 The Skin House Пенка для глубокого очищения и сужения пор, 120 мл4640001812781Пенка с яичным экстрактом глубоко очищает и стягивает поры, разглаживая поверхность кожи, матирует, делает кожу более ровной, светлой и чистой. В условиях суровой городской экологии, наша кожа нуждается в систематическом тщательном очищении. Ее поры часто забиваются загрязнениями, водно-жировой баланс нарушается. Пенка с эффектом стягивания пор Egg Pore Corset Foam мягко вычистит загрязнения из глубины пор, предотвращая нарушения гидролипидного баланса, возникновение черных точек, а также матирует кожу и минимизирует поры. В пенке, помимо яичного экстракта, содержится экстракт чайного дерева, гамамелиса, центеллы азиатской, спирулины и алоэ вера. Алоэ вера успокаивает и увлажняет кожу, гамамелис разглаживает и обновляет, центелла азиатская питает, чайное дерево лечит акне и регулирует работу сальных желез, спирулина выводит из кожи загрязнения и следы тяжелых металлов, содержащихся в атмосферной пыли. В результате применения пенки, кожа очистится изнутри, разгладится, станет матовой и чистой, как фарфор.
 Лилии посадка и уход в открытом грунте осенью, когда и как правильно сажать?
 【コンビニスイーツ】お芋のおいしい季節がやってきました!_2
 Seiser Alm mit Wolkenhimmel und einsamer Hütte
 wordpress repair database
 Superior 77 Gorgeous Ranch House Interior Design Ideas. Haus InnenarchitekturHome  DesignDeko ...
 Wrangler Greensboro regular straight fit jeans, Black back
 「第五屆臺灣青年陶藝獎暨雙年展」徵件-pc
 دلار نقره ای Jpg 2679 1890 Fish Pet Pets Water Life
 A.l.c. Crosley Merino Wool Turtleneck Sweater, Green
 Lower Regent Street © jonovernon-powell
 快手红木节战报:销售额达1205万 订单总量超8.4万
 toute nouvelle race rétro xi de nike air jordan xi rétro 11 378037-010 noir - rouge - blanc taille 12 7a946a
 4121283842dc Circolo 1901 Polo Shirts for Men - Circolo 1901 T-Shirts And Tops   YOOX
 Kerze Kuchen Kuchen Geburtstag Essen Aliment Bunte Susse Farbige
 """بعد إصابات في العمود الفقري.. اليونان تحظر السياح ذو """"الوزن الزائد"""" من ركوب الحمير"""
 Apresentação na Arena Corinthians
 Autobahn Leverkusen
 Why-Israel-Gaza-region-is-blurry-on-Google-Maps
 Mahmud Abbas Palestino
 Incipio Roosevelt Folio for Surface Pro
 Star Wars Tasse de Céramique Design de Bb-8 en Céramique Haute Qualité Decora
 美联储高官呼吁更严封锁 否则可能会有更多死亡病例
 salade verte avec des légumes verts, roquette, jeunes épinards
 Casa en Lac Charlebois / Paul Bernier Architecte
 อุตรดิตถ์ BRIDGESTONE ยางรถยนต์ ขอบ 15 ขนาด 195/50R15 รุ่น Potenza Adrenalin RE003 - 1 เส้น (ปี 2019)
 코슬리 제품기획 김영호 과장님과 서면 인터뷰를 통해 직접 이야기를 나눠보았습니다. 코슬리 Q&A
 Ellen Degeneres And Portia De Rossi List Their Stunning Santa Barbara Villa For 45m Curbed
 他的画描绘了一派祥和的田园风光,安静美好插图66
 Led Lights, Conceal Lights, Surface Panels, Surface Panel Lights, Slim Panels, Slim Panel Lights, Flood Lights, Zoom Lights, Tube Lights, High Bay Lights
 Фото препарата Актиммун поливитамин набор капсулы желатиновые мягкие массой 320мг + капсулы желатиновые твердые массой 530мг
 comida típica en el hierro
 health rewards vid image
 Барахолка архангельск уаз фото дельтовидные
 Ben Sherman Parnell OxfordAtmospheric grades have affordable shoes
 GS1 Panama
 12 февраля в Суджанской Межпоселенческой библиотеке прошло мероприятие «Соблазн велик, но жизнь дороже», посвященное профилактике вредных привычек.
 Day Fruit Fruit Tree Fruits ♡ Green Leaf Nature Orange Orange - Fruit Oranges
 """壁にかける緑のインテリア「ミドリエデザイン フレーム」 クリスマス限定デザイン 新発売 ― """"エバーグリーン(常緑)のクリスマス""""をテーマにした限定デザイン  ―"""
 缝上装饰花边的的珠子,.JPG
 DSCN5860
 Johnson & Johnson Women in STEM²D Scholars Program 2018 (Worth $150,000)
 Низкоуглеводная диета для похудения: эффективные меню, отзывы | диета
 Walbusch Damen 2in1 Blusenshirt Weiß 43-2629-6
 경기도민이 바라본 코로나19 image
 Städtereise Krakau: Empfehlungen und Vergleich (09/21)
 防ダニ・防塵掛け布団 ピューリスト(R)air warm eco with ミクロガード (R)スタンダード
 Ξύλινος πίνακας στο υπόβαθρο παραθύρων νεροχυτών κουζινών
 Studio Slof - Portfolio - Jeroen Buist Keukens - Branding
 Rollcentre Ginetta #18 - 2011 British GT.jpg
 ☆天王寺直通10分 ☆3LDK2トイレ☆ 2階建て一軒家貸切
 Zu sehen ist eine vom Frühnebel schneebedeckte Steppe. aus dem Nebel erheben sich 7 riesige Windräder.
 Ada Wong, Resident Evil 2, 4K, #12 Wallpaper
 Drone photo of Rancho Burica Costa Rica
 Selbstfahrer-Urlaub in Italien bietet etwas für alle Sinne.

### What the task requires
Please transcribe all of the records, keeping every line exactly as it is.

### Task response
 The Skin House Пенка для глубокого очищения и сужения пор, 120 мл4640001812781Пенка с яичным экстрактом глубоко очищает и стягивает поры, разглаживая поверхность кожи, матирует, делает кожу более ровной, светлой и чистой. В условиях суровой городской экологии, наша кожа нуждается в систематическом тщательном очищении. Ее поры часто забиваются загрязнениями, водно-жировой баланс нарушается. Пенка с эффектом стягивания пор Egg Pore Corset Foam мягко вычистит загрязнения из глубины пор, предотвращая нарушения гидролипидного баланса, возникновение черных точек, а также матирует кожу и минимизирует поры. В пенке, помимо яичного экстракта, содержится экстракт чайного дерева, гамамелиса, центеллы азиатской, спирулины и алоэ вера. Алоэ вера успокаивает и увлажняет кожу, гамамелис разглаживает и обновляет, центелла азиатская питает, чайное дерево лечит акне и регулирует работу сальных желез, спирулина выводит из кожи загрязнения и следы тяжелых металлов, содержащихся в атмосферной пыли. В результате применения пенки, кожа очистится изнутри, разгладится, станет матовой и чистой, как фарфор.
 Лилии посадка и уход в открытом грунте осенью, когда и как правильно сажать?
 【コンビニスイーツ】お芋のおいしい季節がやってきました!_2
 Seiser Alm mit Wolkenhimmel und einsamer Hütte
 wordpress repair database
 Superior 77 Gorgeous Ranch House Interior Design Ideas. Haus InnenarchitekturHome  DesignDeko ...
 Wrangler Greensboro regular straight fit jeans, Black back
 「第五屆臺灣青年陶藝獎暨雙年展」徵件-pc
 دلار نقره ای Jpg 2679 1890 Fish Pet Pets Water Life
 A.l.c. Crosley Merino Wool Turtleneck Sweater, Green
 Lower Regent Street © jonovernon-powell
 快手红木节战报:销售额达1205万 订单总量超8.4万
 toute nouvelle race rétro xi de nike air jordan xi rétro 11 378037-010 noir - rouge - blanc taille 12 7a946a
 4121283842dc Circolo 1901 Polo Shirts for Men - Circolo 1901 T-Shirts And Tops   YOOX
 Kerze Kuchen Kuchen Geburtstag Essen Aliment Bunte Susse Farbige
 """بعد إصابات في العمود الفقري.. اليونان تحظر السياح ذو """"الوزن الزائد"""" من ركوب الحمير"""
 Apresentação na Arena Corinthians
 Autobahn Leverkusen
 Why-Israel-Gaza-region-is-blurry-on-Google-Maps
 Mahmud Abbas Palestino
 Incipio Roosevelt Folio for Surface Pro
 Star Wars Tasse de Céramique Design de Bb-8 en Céramique Haute Qualité Decora
 美联储高官呼吁更严封锁 否则可能会有更多死亡病例
 salade verte avec des légumes verts, roquette, jeunes épinards
 Casa en Lac Charlebois / Paul Bernier Architecte
 อุตรดิตถ์ BRIDGESTONE ยางรถยนต์ ขอบ 15 ขนาด 195/50R15 รุ่น Potenza Adrenalin RE003 - 1 เส้น (ปี 2019)
 코슬리 제품기획 김영호 과장님과 서면 인터뷰를 통해 직접 이야기를 나눠보았습니다. 코슬리 Q&A
 Ellen Degeneres And Portia De Rossi List Their Stunning Santa Barbara Villa For 45m Curbed
 他的画描绘了一派祥和的田园风光,安静美好插图66
 Led Lights, Conceal Lights, Surface Panels, Surface Panel Lights, Slim Panels, Slim Panel Lights, Flood Lights, Zoom Lights, Tube Lights, High Bay Lights
 Фото препарата Актиммун поливитамин набор капсулы желатиновые мягкие массой 320мг + капсулы желатиновые твердые массой 530мг
 comida típica en el hierro
 health rewards vid image
 Барахолка архангельск уаз фото дельтовидные
 Ben Sherman Parnell OxfordAtmospheric grades have affordable shoes
 GS1 Panama
 12 февраля в Суджанской Межпоселенческой библиотеке прошло мероприятие «Соблазн велик, но жизнь дороже», посвященное профилактике вредных привычек.
 Day Fruit Fruit Tree Fruits ♡ Green Leaf Nature Orange Orange - Fruit Oranges
 """壁にかける緑のインテリア「ミドリエデザイン フレーム」 クリスマス限定デザイン 新発売 ― """"エバーグリーン(常緑)のクリスマス""""をテーマにした限定デザイン  ―"""
 缝上装饰花边的的珠子,.JPG
 DSCN5860
 Johnson & Johnson Women in STEM²D Scholars Program 2018 (Worth $150,000)
 Низкоуглеводная диета для похудения: эффективные меню, отзывы | диета
 Walbusch Damen 2in1 Blusenshirt Weiß 43-2629-6
 경기도민이 바라본 코로나19 image
 Städtereise Krakau: Empfehlungen und Vergleich (09/21)
 防ダニ・防塵掛け布団 ピューリスト(R)air warm eco with ミクロガード (R)スタンダード
 Ξύλινος πίνακας στο υπόβαθρο παραθύρων νεροχυτών κουζινών
 Studio Slof - Portfolio - Jeroen Buist Keukens - Branding
 Rollcentre Ginetta #18 - 2011 British GT.jpg
 ☆天王寺直通10分 ☆3LDK2トイレ☆ 2階建て一軒家貸切
 Zu sehen ist eine vom Frühnebel schneebedeckte Steppe. aus dem Nebel erheben sich 7 riesige Windräder.
 Ada Wong, Resident Evil 2, 4K, #12 Wallpaper
 Drone photo of Rancho Burica Costa Rica
 Selbstfahrer-Urlaub in Italien bietet etwas für alle Sinne.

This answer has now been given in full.